Докурив, он сунул окурок в жестянку для обгоревших спичек и легко притушил ее копытом.

В комнате зашевелилась жена.

– Ишь, чует, – изумился Золотухин и, тряхнув гривой, прогарцевал в коридор.

Поясница по-прежнему ныла. Разворачиваясь у зеркала, Золотухин не удержался и кинул взгляд: прямо оттуда, на гладкой, глянцевой в яблоках спине, где занудно и противно ныла поясница, росли два огромных белоснежных крыла.

Золотухину показалось, что он спятил. Он зажмурил глаза и изо всех сил затряс головой.

– Этого не может быть, – шептал он, – не может быть. Сейчас взгляну снова, и ничего не будет.

А где-то внутри ликующий голос уже пищал, захлебываясь: – Будет, будет, и еще как будет, и нет ничего удивительного.

Золотухин судорожно открыл глаза. Огромные белоснежные крылья, похожие на два страусовых веера, которые он видел когда-то в_____ влажные, с крутым надломом, мягко трепыхались за его спиной.

– Жену обрадовать, – мелькнуло в осоловевшей от счастья голове Золотухина, и он кинулся в комнату.

Жена спала, раскинувшись на всей кровати. Золотухин потоптался рядом и, раздумав будить ее, подошел к окну.

За окном, оседая на карнизе, падали крупные лохматые хлопья.

– Снег, – как-то мимоходом, не задерживаясь на этой мысли, отметил Золотухин, а ведь еще только конец июня.

Он погрустнел вдруг, словно устал, и как-то сиротливо приткнувшись к окну, стал разглядывать снежинку, которая прилепилась к стеклу и почему-то не таяла, а наоборот, росла и росла, пока Золотухин не узнал в ней перо, точно такое же, как и те, что еле слышно, как прибой в морской раковине, шумели за его спиной.

И он увидел, как далеко-далеко, уже в самом конце неба, размерено поднимая и опуская белоснежные крылья, летит его стая.

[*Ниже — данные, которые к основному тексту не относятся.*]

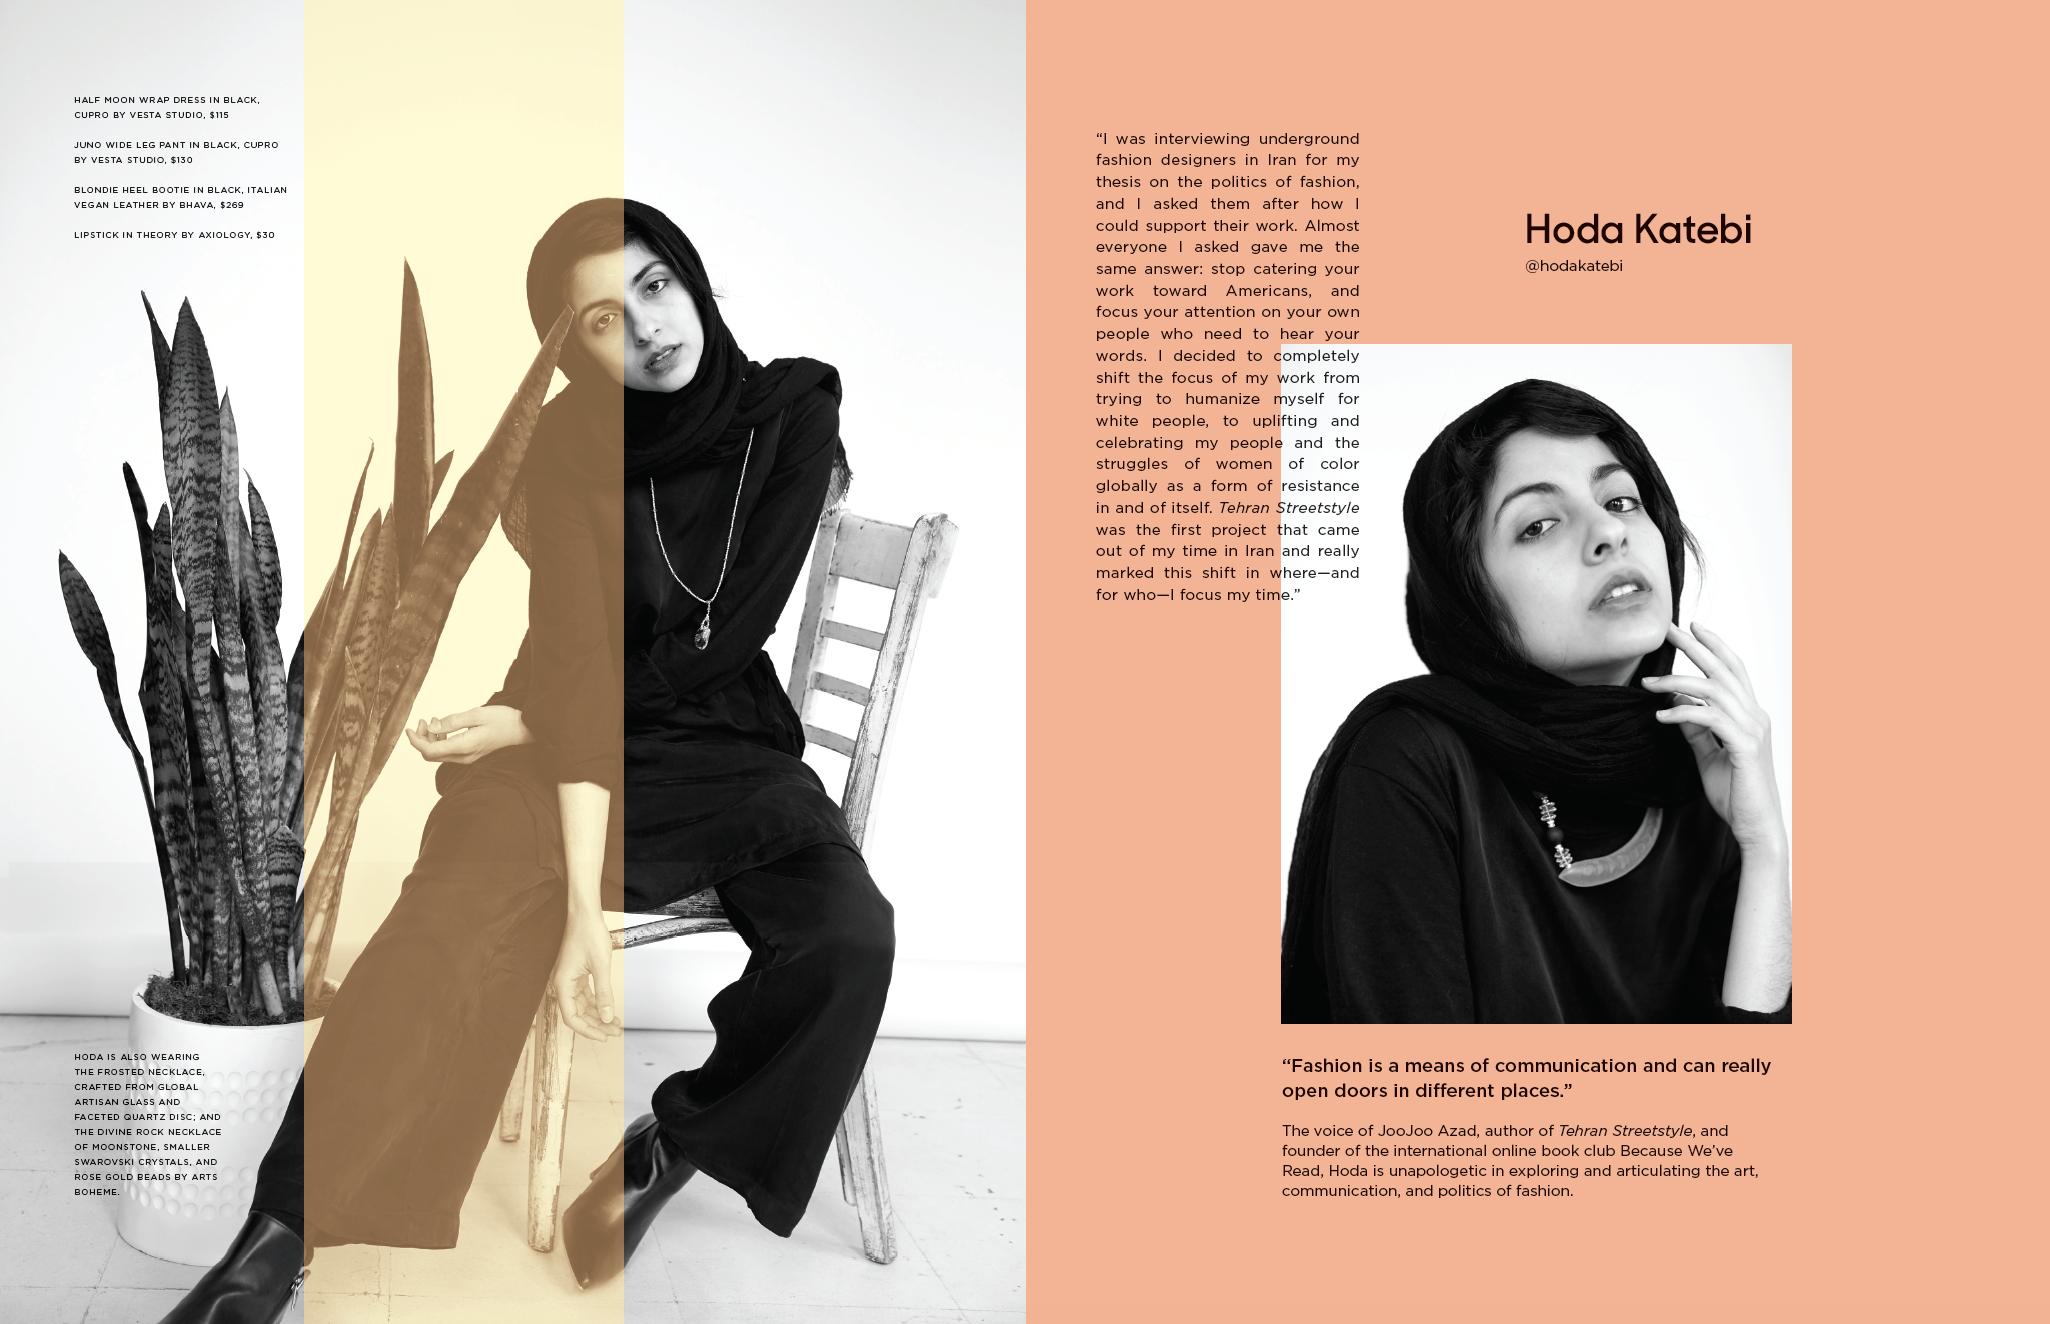 Hoda_Katebi_Ethical_Style_Journal.png
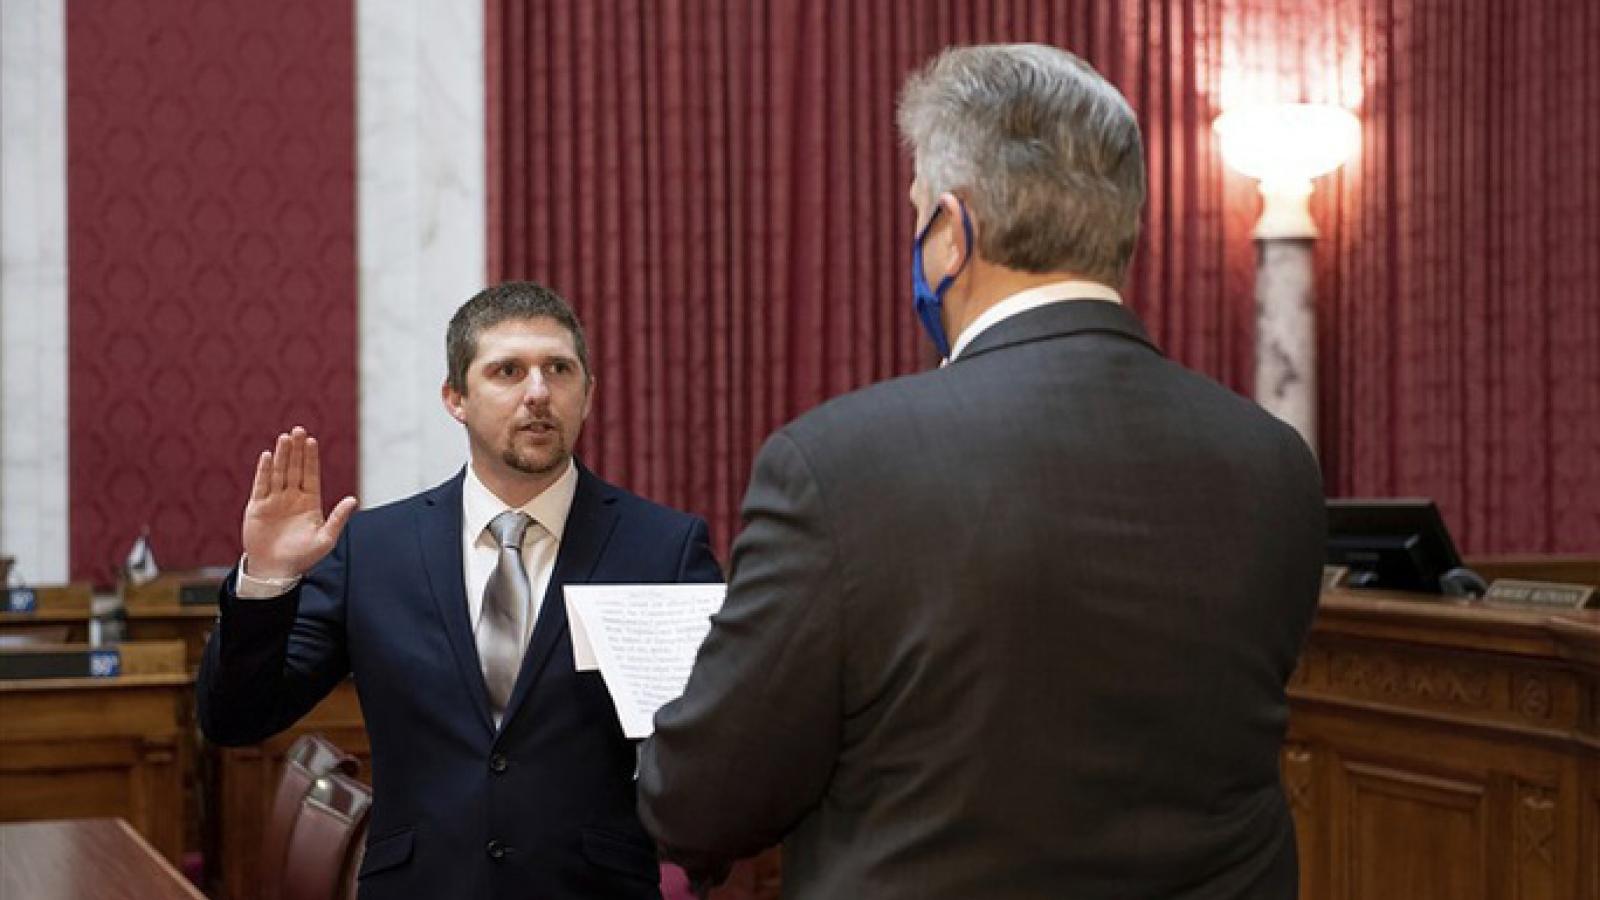 Một Hạ nghị sỹ bang mới được bầu từ chức vì tham gia vào vụ bạo động tại tòa nhà Quốc hội

Не отводя от нее глаз, словно боясь упустить из виду, он нащупал ручку на раме и рванул ее на себя.

Она не поддалась, – может, заело, а может, повернул не в ту сторону…

Он беспокойно оглядел комнату, гулкую и пустую, как зал ожидания, отодвинул к стене торшер и, высоко закинув голову, разбежался и с размаху кинулся на стекло. Оно лопнуло на его груди, и ветер дальних странствий, освежая мелкие, злые царапины, хлынул ему в лицо…

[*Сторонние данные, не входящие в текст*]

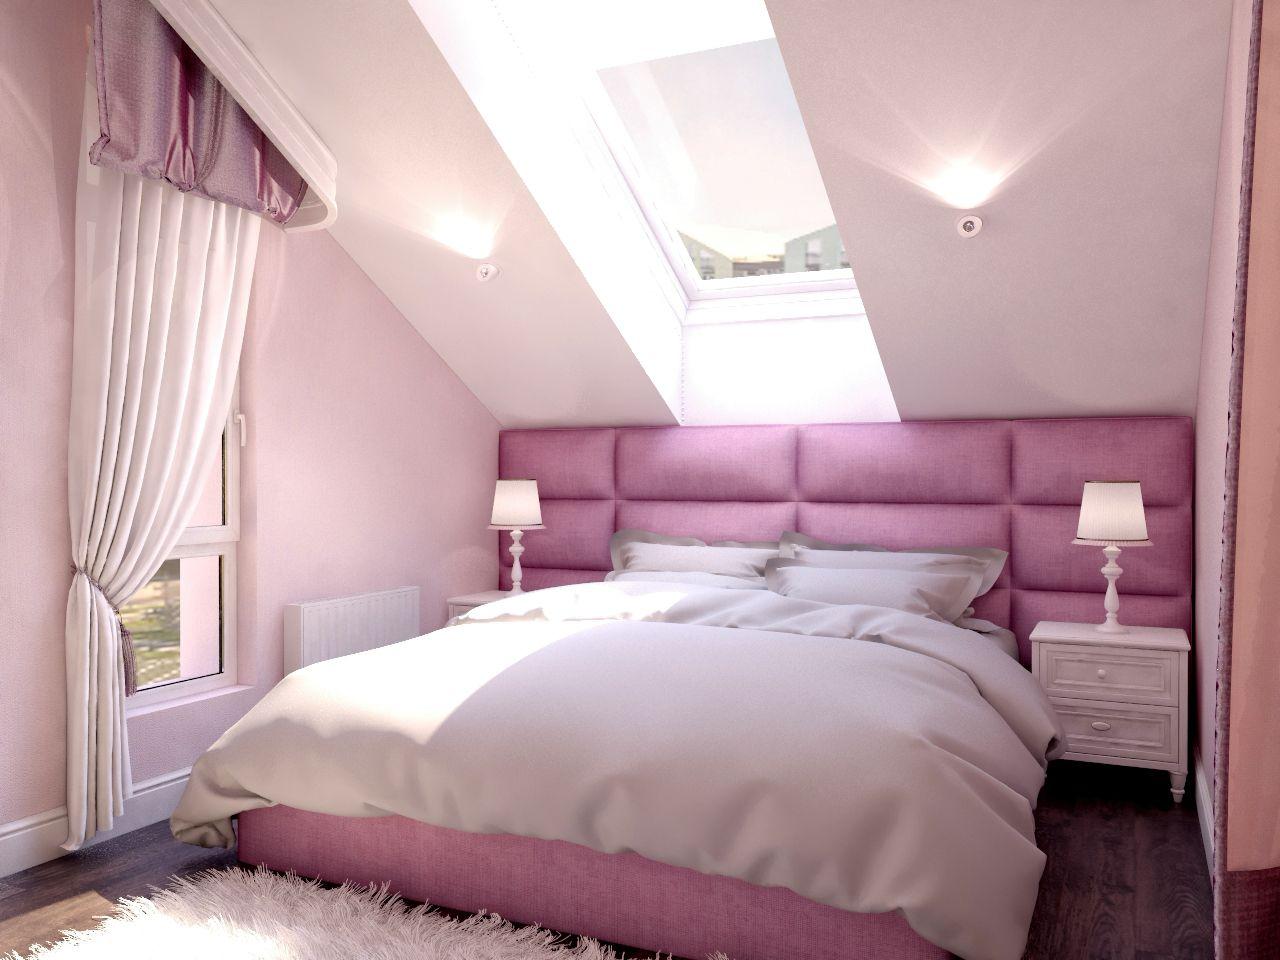 Дизайн спальни реальные фото Киев. мансардное окно легкая класика розовые цвета для девочки

– Золоту-ухин! Золоту-ухин! – Трубно заржал вожак, и Золотухин расправил свои тяжелые, с крутым надломом крылья.

 

– Золотухин! Вставай немедленно! – Жена раздраженно трясла его за плечо. – Ты же на электричку опоздаешь!

Золотухин сел, пошарил ногой под кроватью, нащупывая тапки, не нашел, плюнул и поплелся босиком в ванную. На душе было гадко и муторно. Поясница действительно болела. Проходя мимо зеркала, он воровато оглянулся, повернулся к нему спиной и, напряженно вывернув шею, заглянул себе через плечо.

– Ты что, обалдел? – ахнула жена, – уже четверть восьмого! Одевай Петьку!

Золотухин усадил Петьку на табуретку и насунул ему сандалики. Тот хныкал, но как-то ненастойчиво, вполсилы, потому что еще не проснулся.

– Готовы? – спросила жена и спохватилась, – позавтракать-то успел?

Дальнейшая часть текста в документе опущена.